Sylvester Cancer Center, which is 40 years old this year, once had NCI designation, but lost it in 1996 after it was unable to keep up its various programs. Today, Sylvester is the only academic cancer center in south Florida and serves between 6 million and 7 million people.

Nimer says the benefits of regaining NCI's stamp of approval include an influx in research dollars and patient access to clinical trials available only at NCI-designated cancer centers. The elite distinction would also help Sylvester recruit more top-tier cancer physicians and researchers.

Tracking and Targeting Tumors

New technology at the University of Florida Proton Therapy Institute at Shands Jacksonville is offering hope to patients with metastatic cancer, the spread of the disease from one region of the body to another. Using a new machine called Vero doctors at UF are able to track tumors in real time with image-guided technology and deliver high-dose radiation therapy with a high degree of precision. Dr. Paul Okunieff, a professor and chair of the UF department of radiation oncology and director of the UF Shands Cancer Center, says Vero is particularly useful in targeting tumors that may be moving as the patient breathes or with each heartbeat. "This enables us to deliver the optimum dose of radiation to the tumor, destroying it from the inside out while sparing healthy tissues surrounding it," says Okunieff.
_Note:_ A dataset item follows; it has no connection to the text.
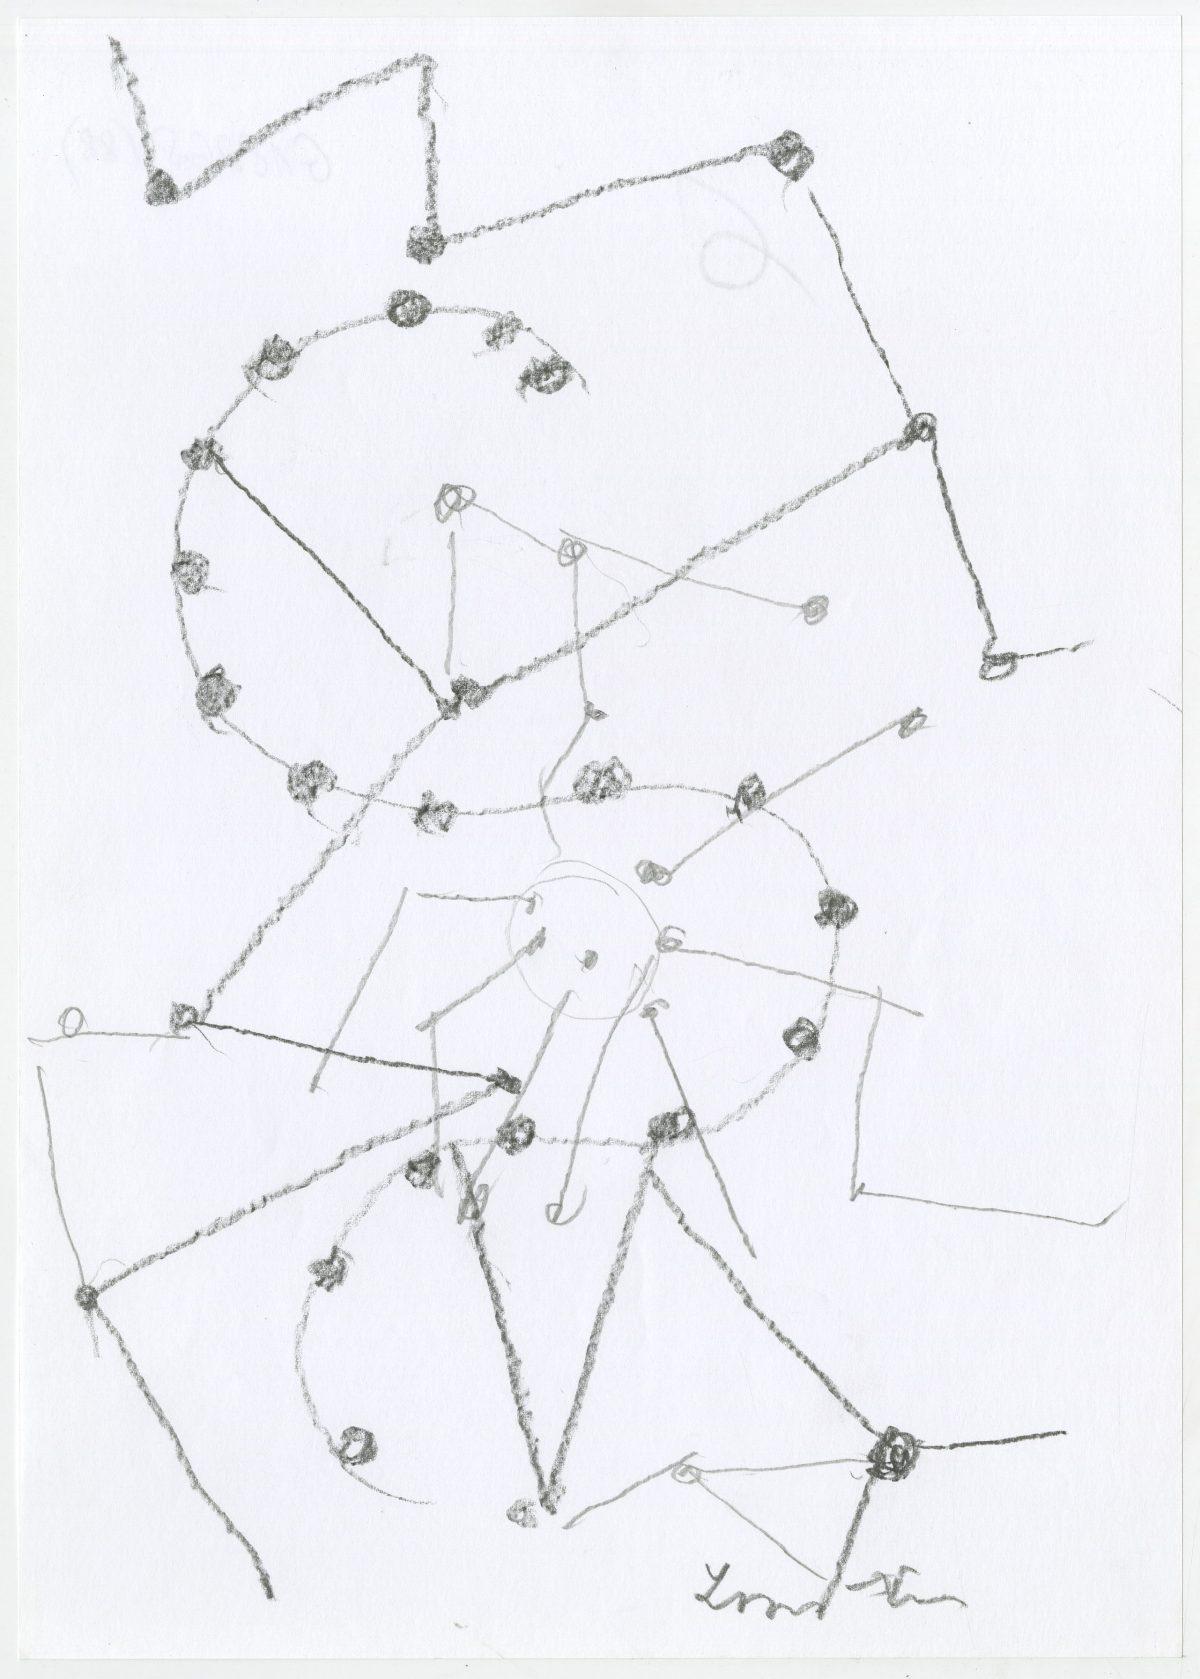 G18268(88)<br/> <b>Cím:</b> Megnyílt az ég tizenhárom felé <br/> <b>Méret cm:</b> 29,6x21 <br/> <b>Készült:</b> 2006. <br/> <b>Technika:</b> ceruza<br/>

The treatment, which is usually given during a five- to 10-day period, has been particularly effective in treating patients who are in an early stage of metastatic disease, with five or fewer lesions. Okunieff, while still at the University of Rochester, was the principal investigator of a study that demonstrated promising long-term survival for patients, and breast cancer patients in particular, with limited metastases. Okunieff says the technology is helping UF's Metastatic Cancer Program achieve its goal of changing metastatic cancer from a terminal condition to one that is manageable or even curable.

Personalized Medicine

It took 20 years and an estimated $3 billion for an army of scientists to decode the human genome, the so-called "genetic blueprint" of human life. Today, the once laborious task of unraveling an individual's genetic makeup can be accomplished in just a few weeks, at a cost of a few thousand dollars.

"We can do things at the genetic level that are literally mind blowing," says Dr. Alexander Parker, a kidney cancer epidemiologist at Mayo in Florida.

That technological revolution is one of the driving forces behind the rise of personalized medicine, which seeks to tailor a patient's care based on his own individual genetic makeup, says Dr. Alexander Parker, a nationally known kidney cancer epidemiologist at Mayo Clinic in Florida and the associate director of Mayo's new Center for Individualized Medicine.

"We're in an exciting age now. We can do things at the genetic level that are literally mind blowing," says Parker. Instead of looking at single genes, Parker says, "we can look at an entire genome for an entire individual" as well as the entire genome of that cancer to "see what's going on."

At Mayo, Parker says he and his colleagues believe genetic sequencing can help them better answer questions "that cover the entire natural history of cancer" -- everything from why it develops and how it can be better diagnosed to why it's more aggressive in certain patients and why some patients experience side-effects from treatments while others don't.